Applications in Transport Protocols

Reliable Byte Streams

Reliable byte stream protocols, such as TCP, abstract application data as a continuous, ordered sequence of bytes, ensuring reliable delivery through mechanisms like sequence numbering and retransmissions. This semantic requires the receiver to reassemble segments in strict order before passing data to the application, leading to head-of-line (HOL) blocking when a lost or delayed segment at the front of the stream prevents delivery of subsequent, correctly received segments.^[21] In TCP, acknowledgments (ACKs) are cumulative, confirming all bytes up to a specific sequence number, while the sender's congestion window limits outstanding unacknowledged data. A loss of the head-of-line segment triggers the sender's window to stall, as further transmissions are blocked until the missing segment is retransmitted and acknowledged, even if later segments arrive out of order and are buffered at the receiver.

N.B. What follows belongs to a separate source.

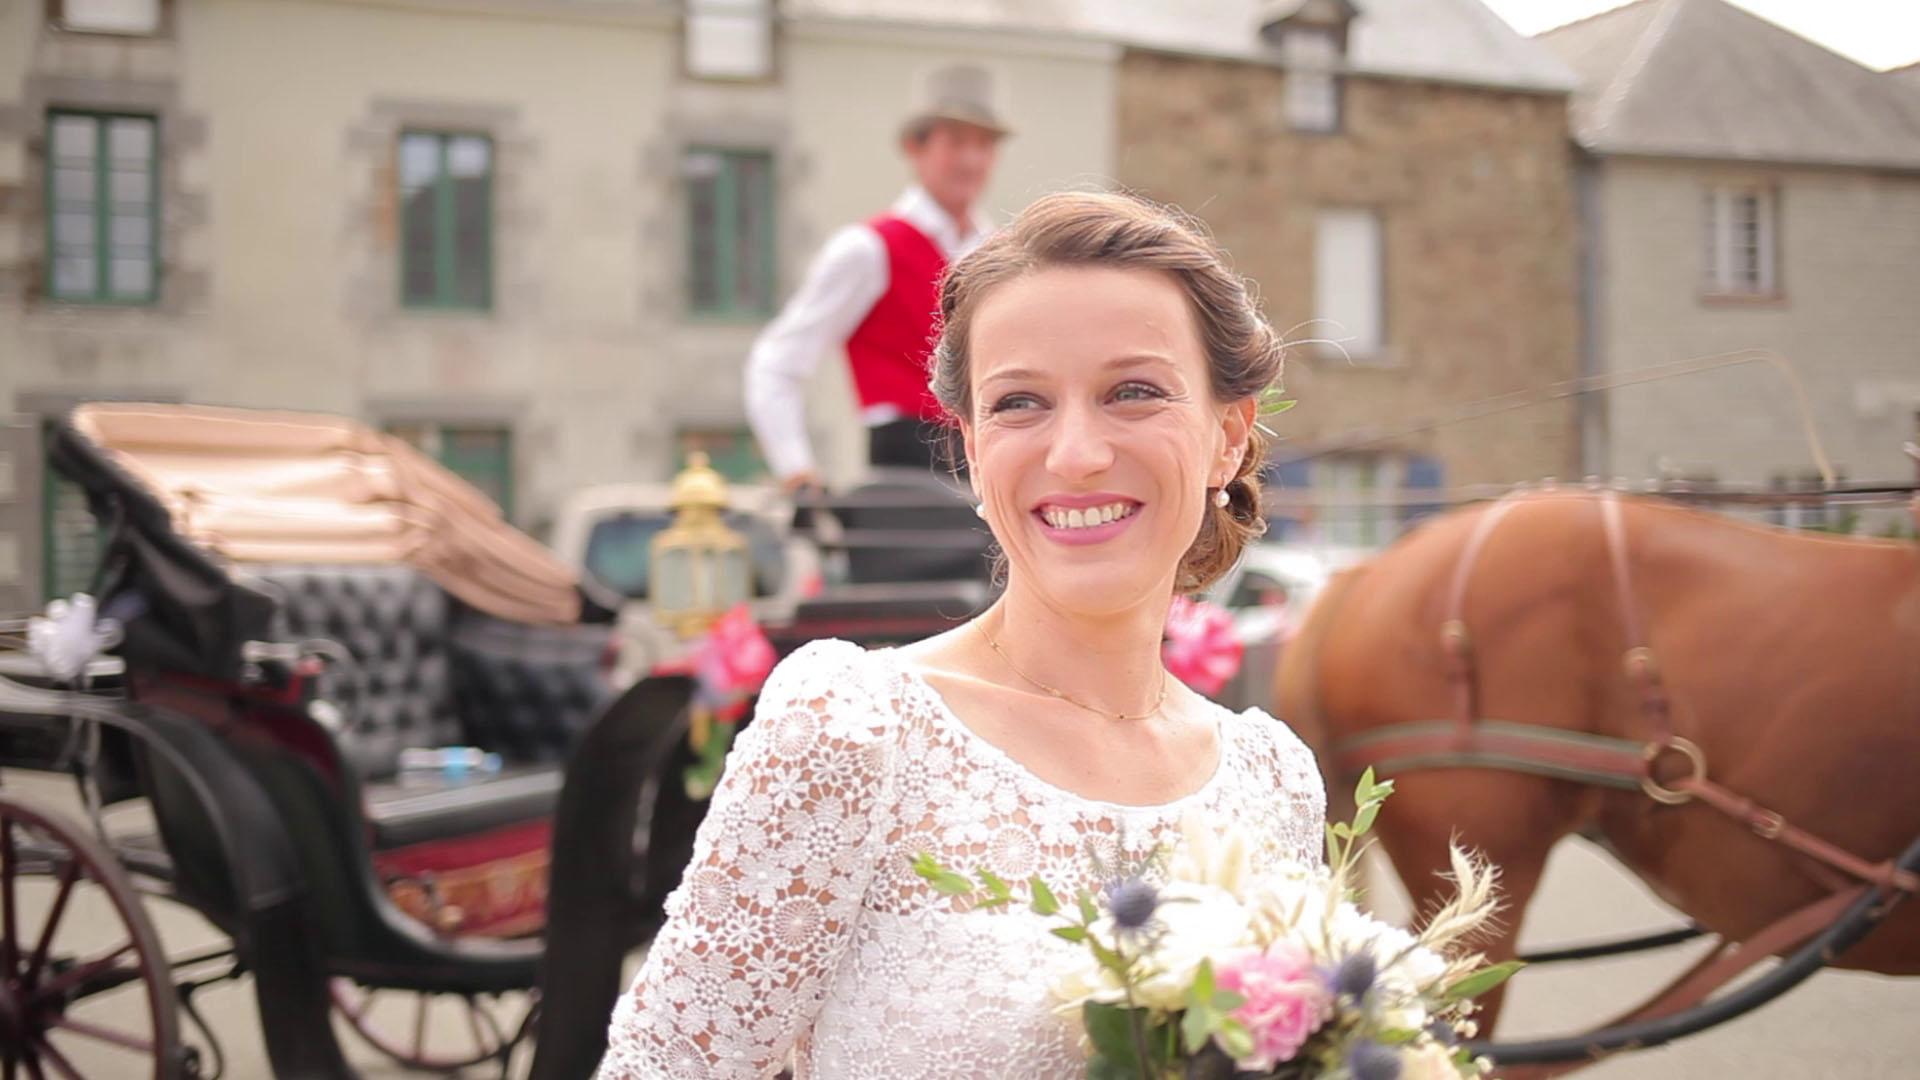 Vidéo mariage Rennes | Un Mariage, Une Histoire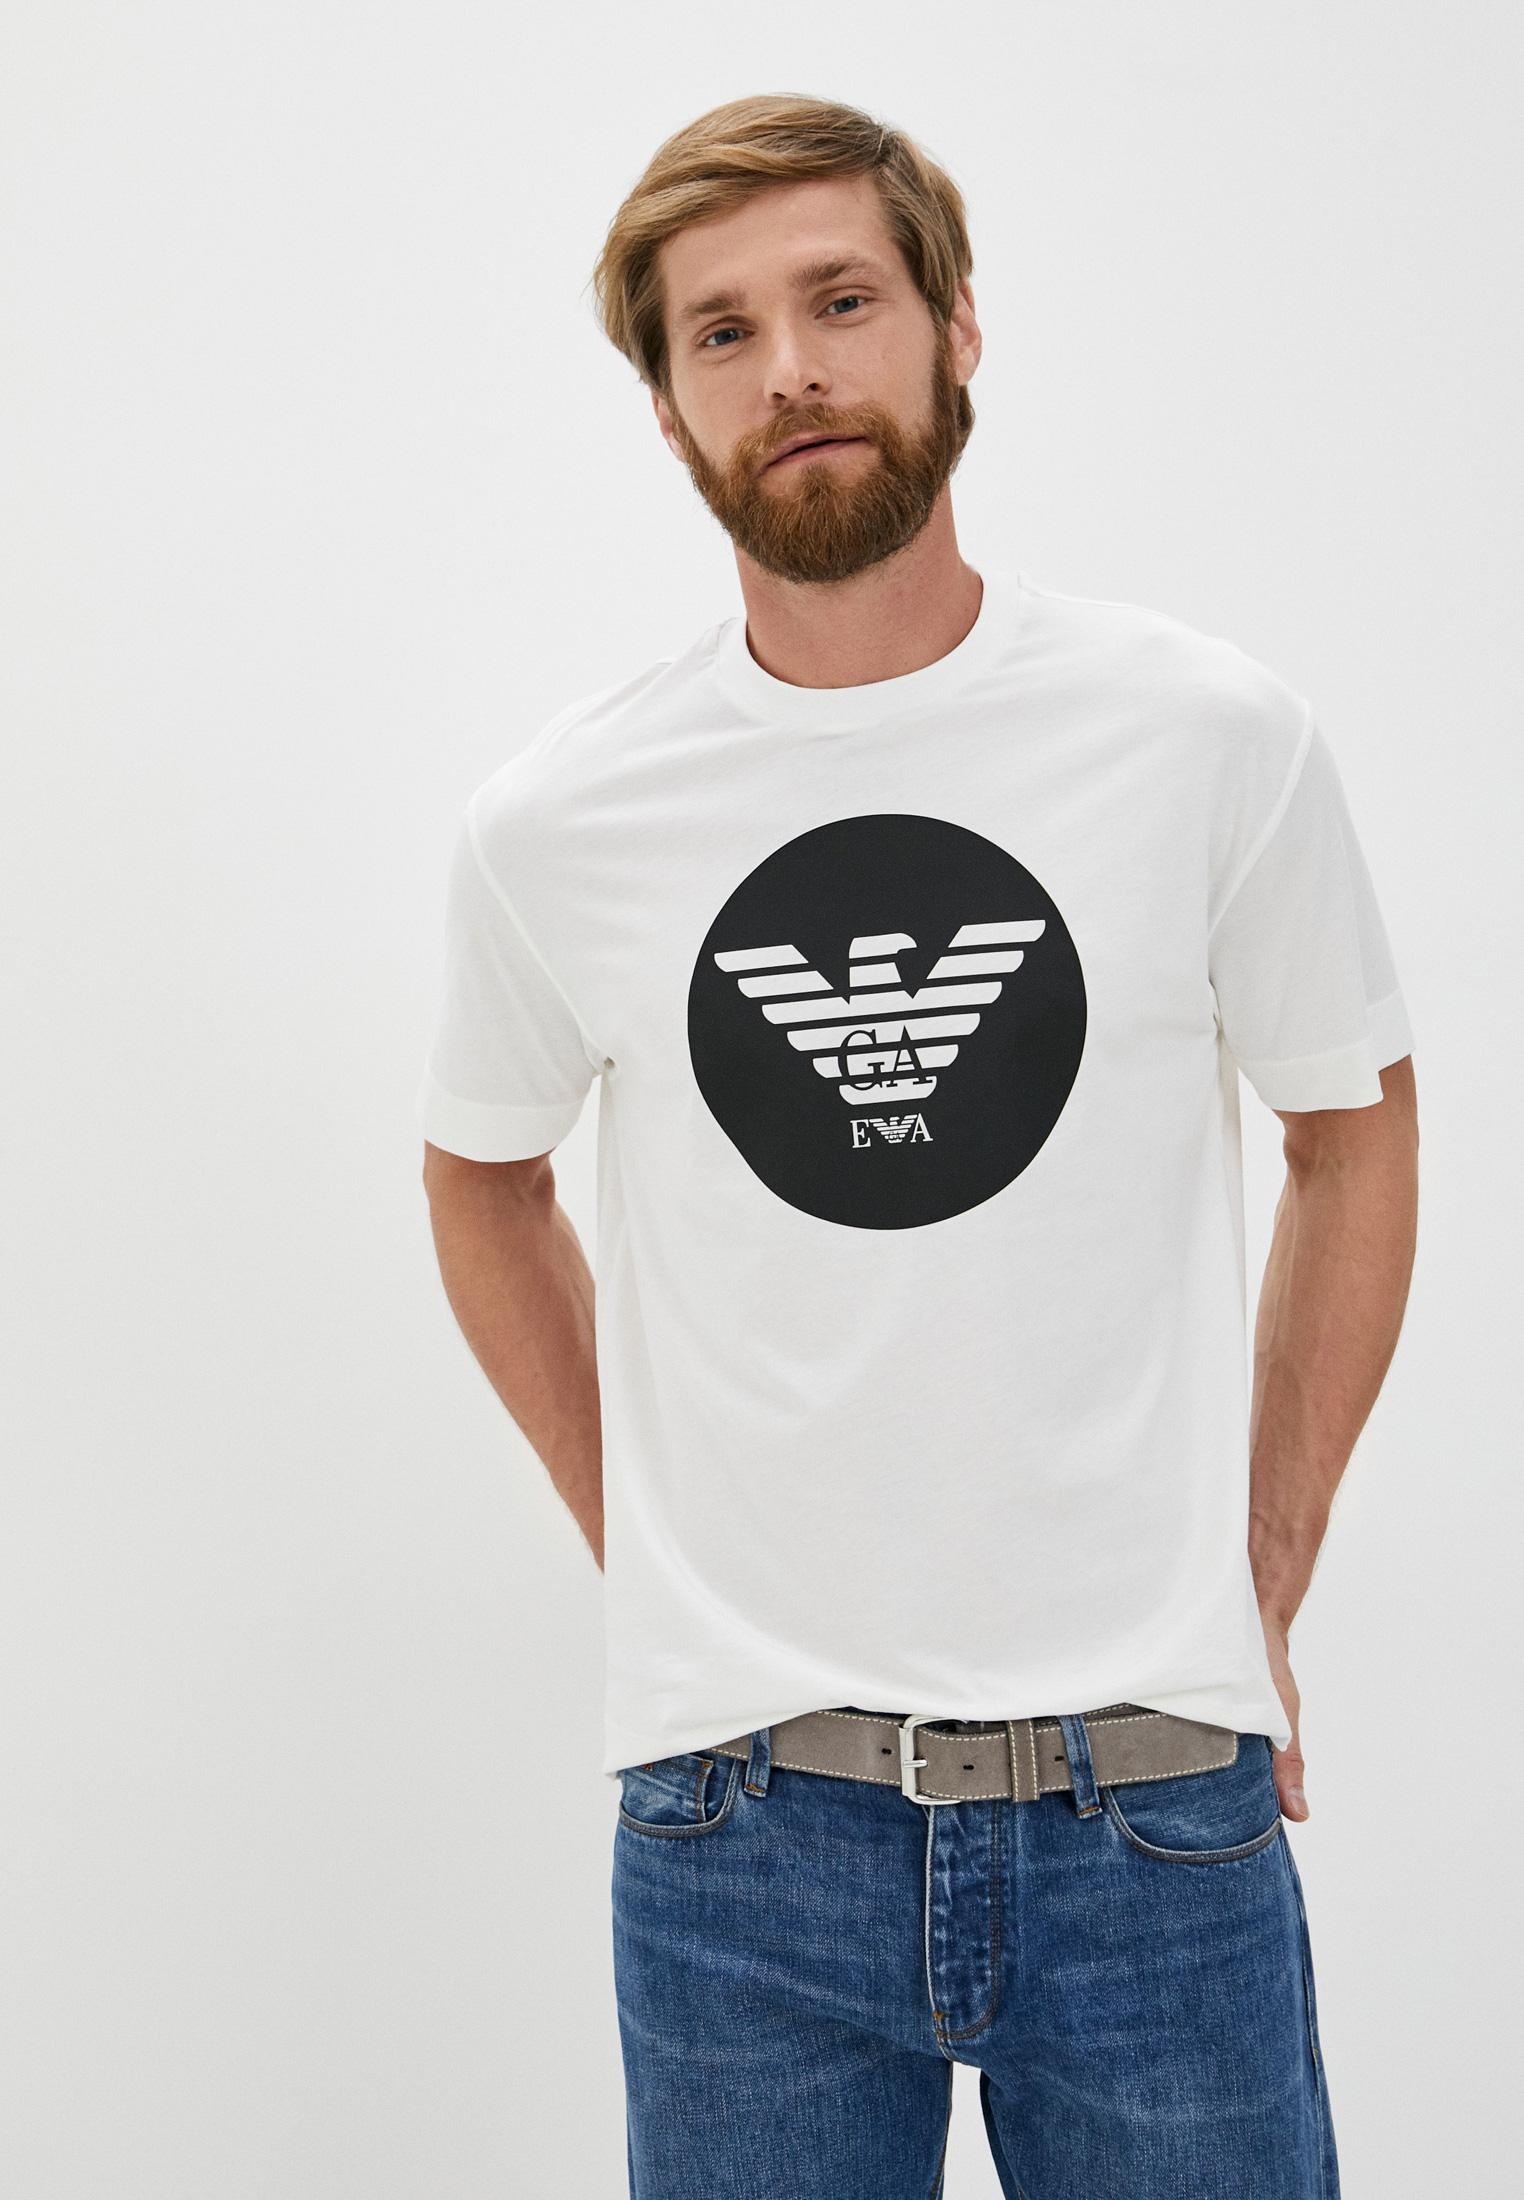 Мужская футболка Emporio Armani (Эмпорио Армани) 6h1t73 1jdxz

This exacerbates HOL blocking across the connection, halting stream progress regardless of path diversity or subsequent packet success.^[21] For instance, in TCP Reno implementations prevalent in the 1990s, a single packet loss could impose delays of up to 400 ms at RTT=100-300 ms and low loss rates (≤2%), depending on loss detection via duplicate ACKs or timeouts, as observed in studies of TCP performance for delay-sensitive applications.^[22] The additional stream delay due to HOL blocking in such protocols can be approximated as \text{RTT} \times \left(1 + \frac{\text{loss\_rate}}{1 - \text{loss\_rate}}\right) under cumulative ACK semantics, reflecting the geometric expectation of retransmission attempts for the head segment before successful acknowledgment.^[22]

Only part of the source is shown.